Ok  - we admit it. We are a bit biased. We believe you absolutely do need a lawyer to incorporate; do not use your accountant – do not use your local Registry Agent – and for heaven’s sake don’t use one of those website offerings that offer cheap online incorporations. Here’s why . . .


 

NUMBER 1: Minute Book Documentation and Proper Organization: Proper Minute Book documentation is crucial. Without a lawyer, the incorporation process might not include the all-important organizational documents (Corporate Records), leading to potential legal, operational, and taxation problems in the future.

Incorporation organization; corporate records and Minute Book records

Generally, after the initial step of incorporating (i.e. registering the company with Corporate Registries by filing Articles of Incorporation and Notice of Directors) the most important step is to then make the corporation ‘active’ and capable of carrying on business as required by the Alberta Business Corporations Act (or the Canada Business Corporations Act as the case may be). Many Registry Agencies and online services do NOT do this step at all - or they only do part of it - or they do some paperwork but never finalize it.


This second organizational step involves preparing following: 

  • General and Borrowing By-Law

  • Resolutions of Shareholders (approving incorporation and appointing Directors;

  • Resolutions of Directors (approving the incorporation, adopting bylaws, appointing officers, issuing shares to the Shareholders, etc);

  • Shareholder Ledgers

  • Shareholder Register

  • Director and Officer Register

  • Bylaws

  • Share Certificates

  • Share Subscriptions

  • Minute Book (containing all of the above Records)

 

NUMBER 2: Advice and Direction: Registry services and others don’t (actually can’t) provide legal advice. That would be illegal (only lawyers can provide legal advice). So you won’t get any legal advice or assistance to figure out things like who should be shareholders, what class of shares you should issue to each shareholder, and what kind of ‘authorized shares’ your Articles should allow (and other exciting and fun stuff like that).


So why is it so important to have proper Minute Book documentation and Legal Advice so you’re set up correctly? Here are just a few reasons:


  1. Tax and Future Planning: Our firm has seen dozens and dozens of examples where companies have been incorporated with only one class of authorized share capital, or where they were organized with only one issued (1) share at incorporation; neither of which is optimal for future tax planning nor ongoing management of the corporation, including dividends, shareholder changes, and decision-making. Imagine wanting to sell 15% of your shares to employees or a friend and you only have one share issued. How do you do that? Or imagine you want to issue shares to employees or family members but you can only issue one class (or type) of share? You wouldn’t be able to declare unequal dividends in that instance – and wouldn’t have the flexibility to manage voting control either.

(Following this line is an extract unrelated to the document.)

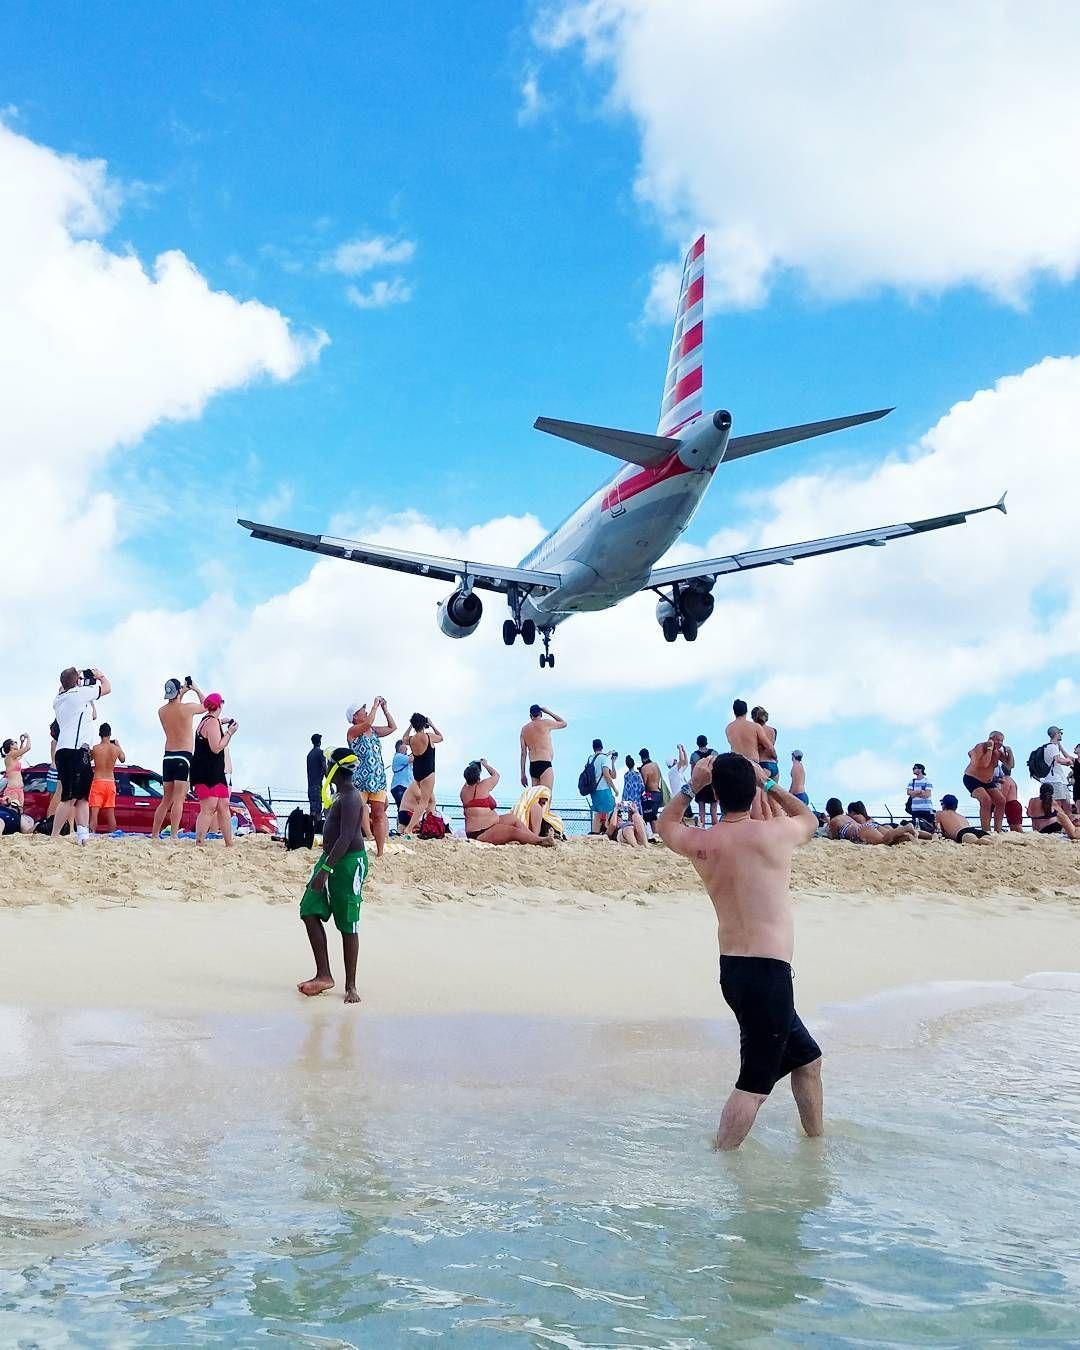 Ollaan jo kotimatkalla mutta Maho Beachilta riittää kuvia. Upea viikko lämmössä takana! Seuraava Karibian loma jo mietinnässä.  #mahobeach #sintmaarten #stmaarten #stmartin #vacation #loma #beach #ranta #rantaloma #americanairlines #travel #matkalla #reissu #lentokone #airplane #ig_travel #caribbean #karibia (via Instagram)
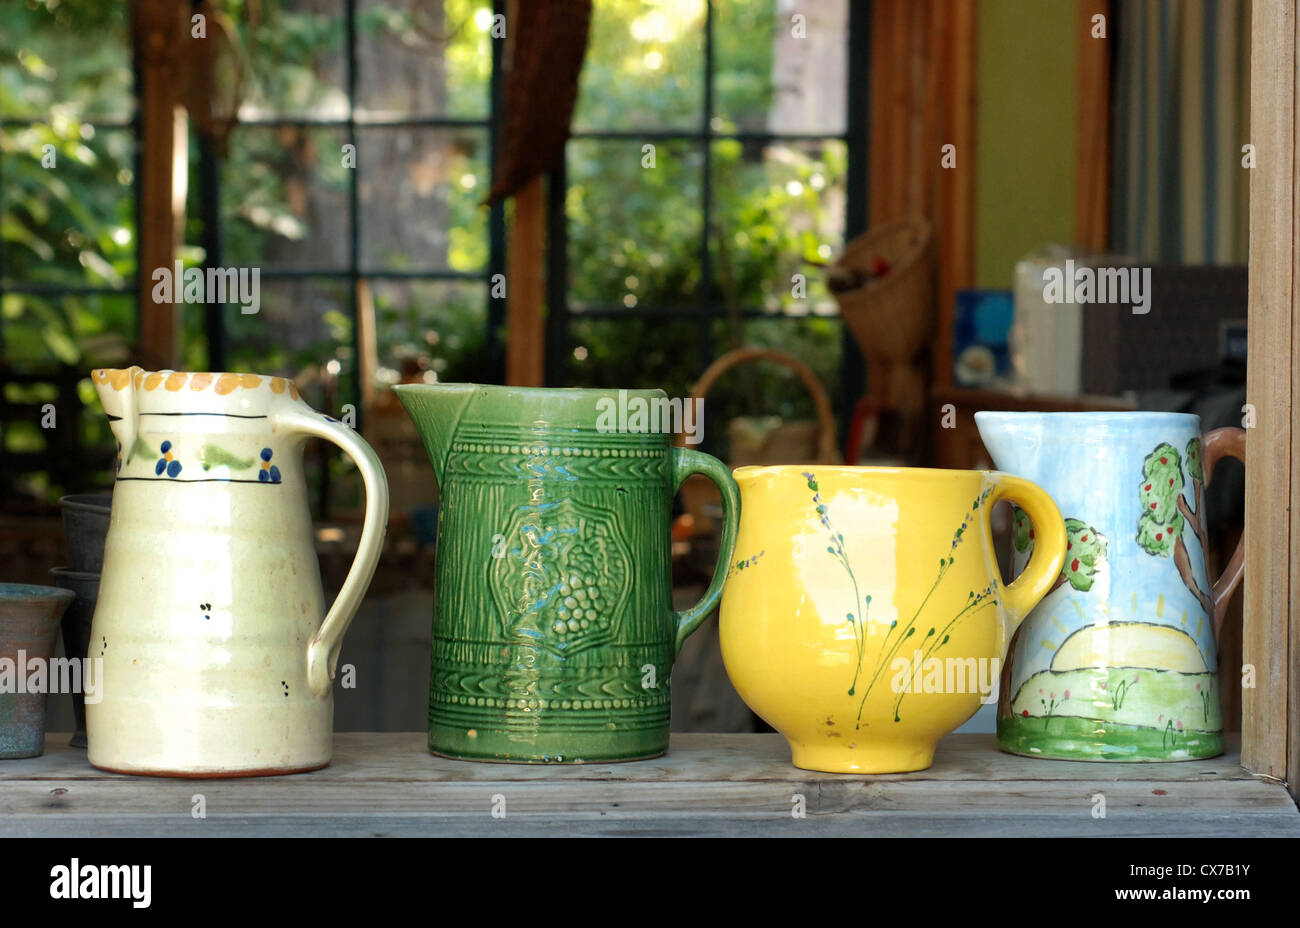 Jarrones rusticos jarrn macetero estilo anfora en latn esmaltado jaspeado no brillo textura - Jarrones rusticos ...

  2. Bank Financing: we see this all the time. Someone tries to save $300 by incorporating with an online service or on their own using a registry agent. They don’t get any organizational documents and sometimes don’t even have any shares issued all (again - no legal advice was provided)! And then when they apply for commercial financing to expand their business or buy that warehouse space - Bam! They hit a wall . . . banks are banks – they don’t just take your word for things. Who are the Directors? If you don’t have shares and Shareholders, you can’t have directors (since shareholders appoint directors). Who are the shareholders? There are no records to show any. Banks also require Solicitor (aka Lawyer) Opinions confirming the company has been ‘duly incorporated and organized’ and ‘active and capable of carrying on its business’ (among other things). Guess what - the lawyer can’t give that opinion unless you actually are those things! So you’ll be spending $600 - $1000 (or more) to get all those corporate records done on a rush to accommodate your bank financing.


  3. CRA Audits: tax risk is real. And CRA takes the position that if you want all the (tax) benefits of a corporation, you better act like a corporation. If you take shortcuts and don’t have proper organizational corporate records, it could get ugly. For example, if the corporation declares and pays dividends to shareholders but there is no evidence or documentation that shares have been properly issued, there are lots of nasty implications for the corporation, its directors, and the individuals receiving the dividends:


For the Corporation

  • Disallowed Deductions: The CRA may disallow the deduction of dividends if there is no evidence of shares being issued. This can result in higher taxable income for the corporation.

  • Penalties and Interest: The corporation may face penalties and interest for underreporting income or failing to comply with tax regulations.

  • Reassessment of Dividends: If the CRA reassesses the dividends, it could reclassify these payments as other forms of income, such as shareholder benefits. This reclassification can lead to additional taxes, penalties, and interest.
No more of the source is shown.